Die Erfolgsrechnung stellt die Ertragslage eines Unternehmens dar, indem sie Aufwendungen und Erträge gegenüberstellt. In Deutschland orientiert sich die Gliederung hier an den Vorschriften des Handelsgesetzbuches (HGB), wobei Aufgliederungen nach Gesamtkostenverfahren oder Umsatzkostenverfahren üblich sind. Die Analyse dieser Darstellung dient dazu, betriebliche Gewinne oder Verluste transparent zu machen.

Ein wesentlicher Analysepunkt ist die Entwicklung der Umsatzerlöse, die Rückschlüsse auf die Marktnachfrage und Wettbewerbsfähigkeit zulassen kann. Veränderungen im Zeitverlauf oder im Vergleich mit Branchenkennzahlen werden hierbei betrachtet.

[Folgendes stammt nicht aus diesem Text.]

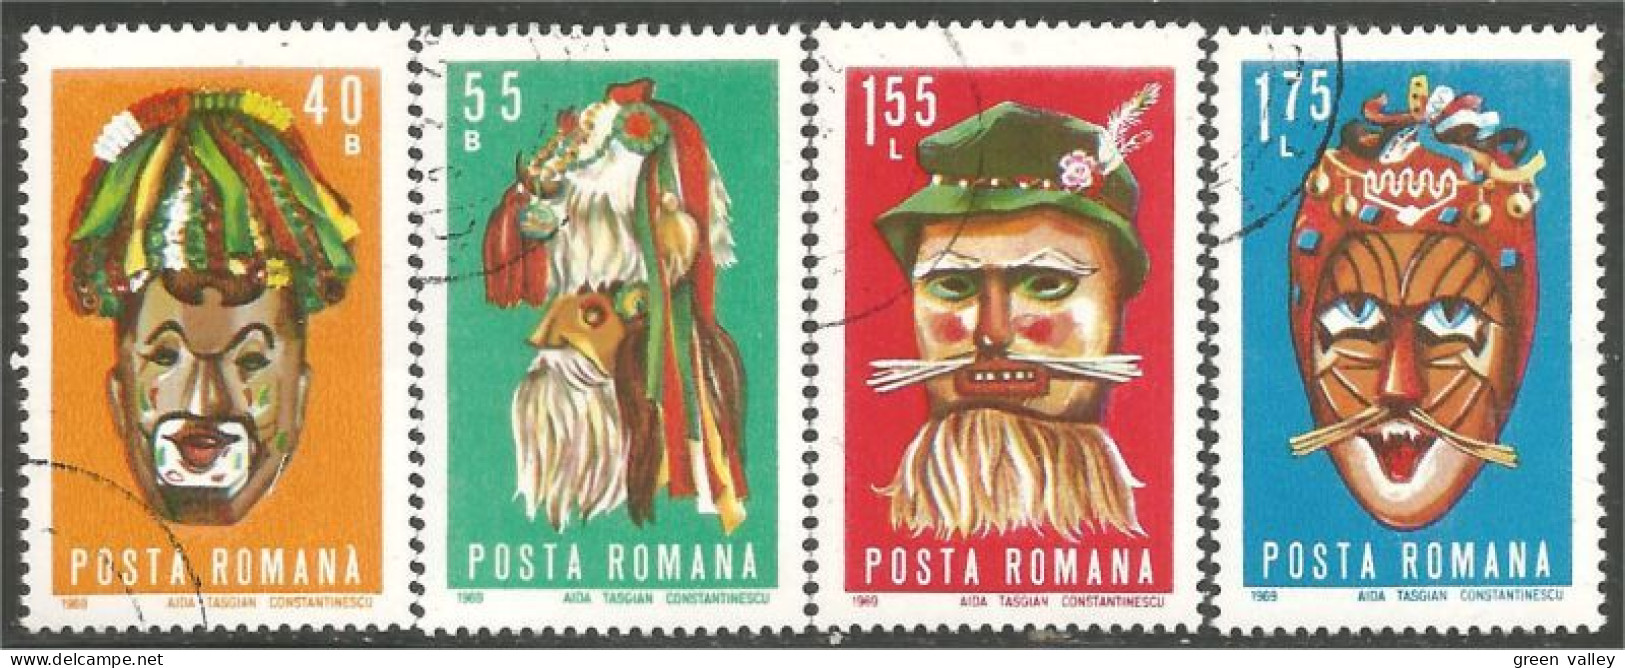 766 Roumanie Masks Masques Clown (ROU-311a) - Zirkus

Zusätzlich werden Kostenarten und deren Entwicklung geprüft, was Hinweise auf Effizienz und Kostendruck geben kann.
Neben der Betrachtung von Ebit (Ergebnis vor Zinsen und Steuern) gewinnt auch der Jahresüberschuss an Bedeutung. Diese Position kann Aufschluss über die finanzielle Belastung durch Steuern und Fremdkapitalzinsen geben. Für externe Stakeholder wie Banken oder Aufsichtsbehörden ist diese Information oft Teil der Bonitätsbeurteilung.

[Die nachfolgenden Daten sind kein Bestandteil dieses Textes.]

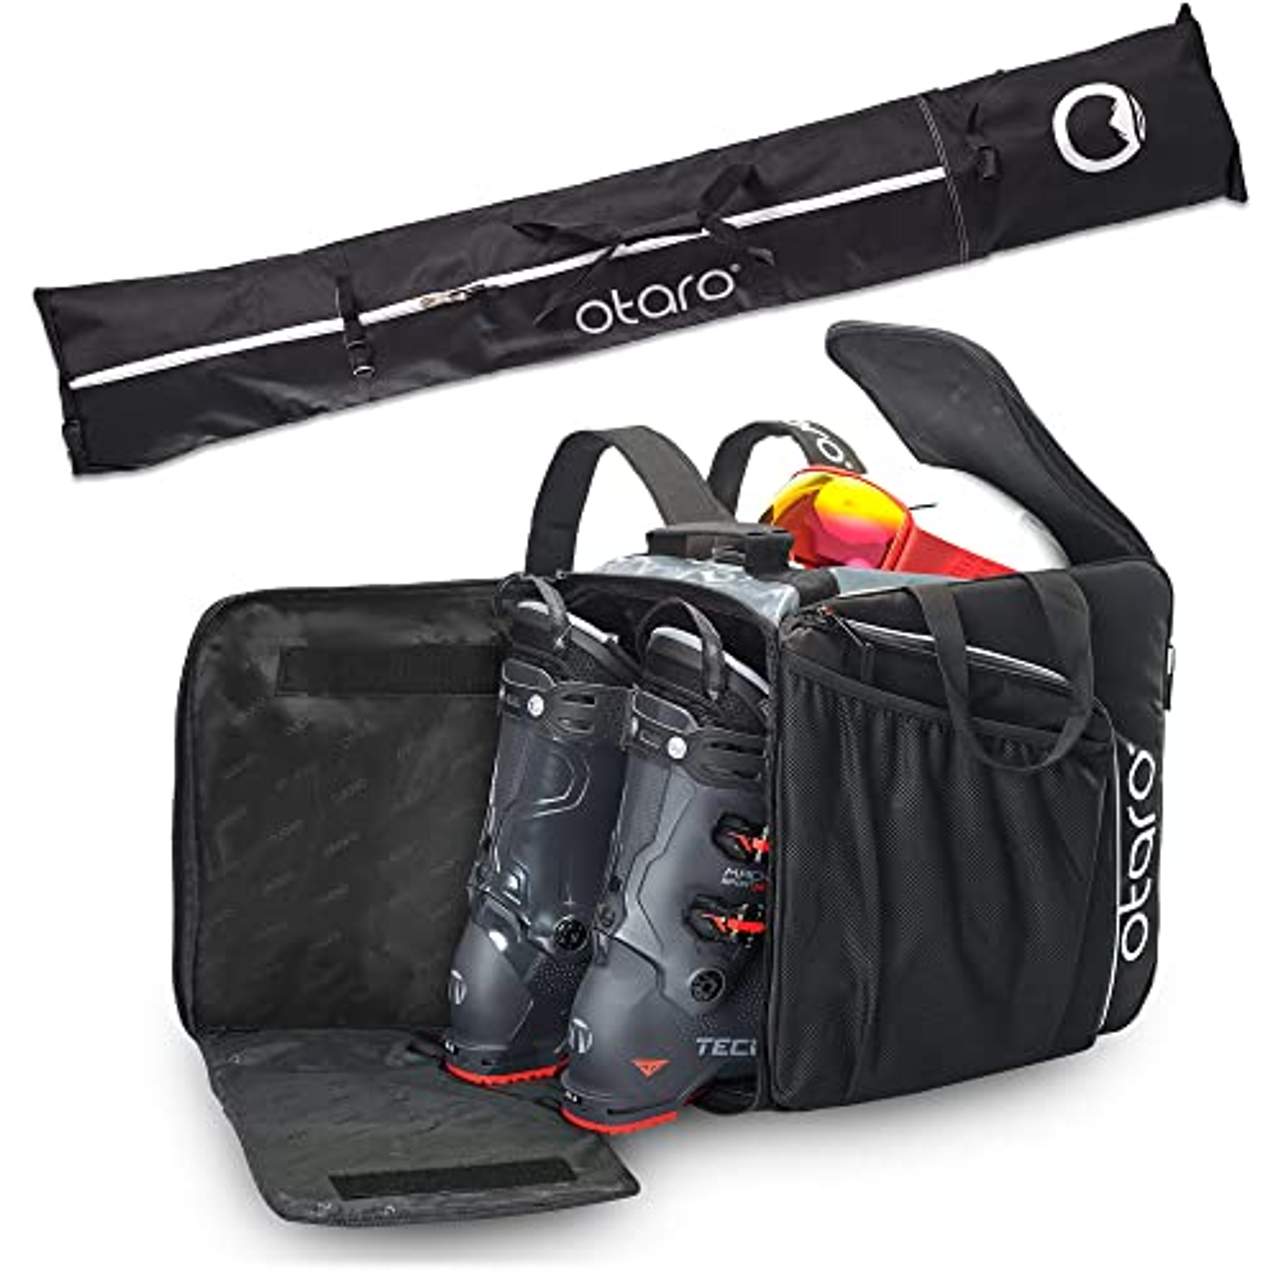 Otaro Premium Skischuhtasche mit Helmfach

Die Erfolgsanalyse kann meist durch Ergänzungen wie Segmentberichte erweitert werden, die eine detailliertere Sicht auf einzelne Geschäftsbereiche erlauben. Dies ist in Deutschland besonders für größere Unternehmen im Konzernabschluss relevant, da unterschiedliche Geschäftsfelder verschieden starke Ertragsprofile aufweisen können.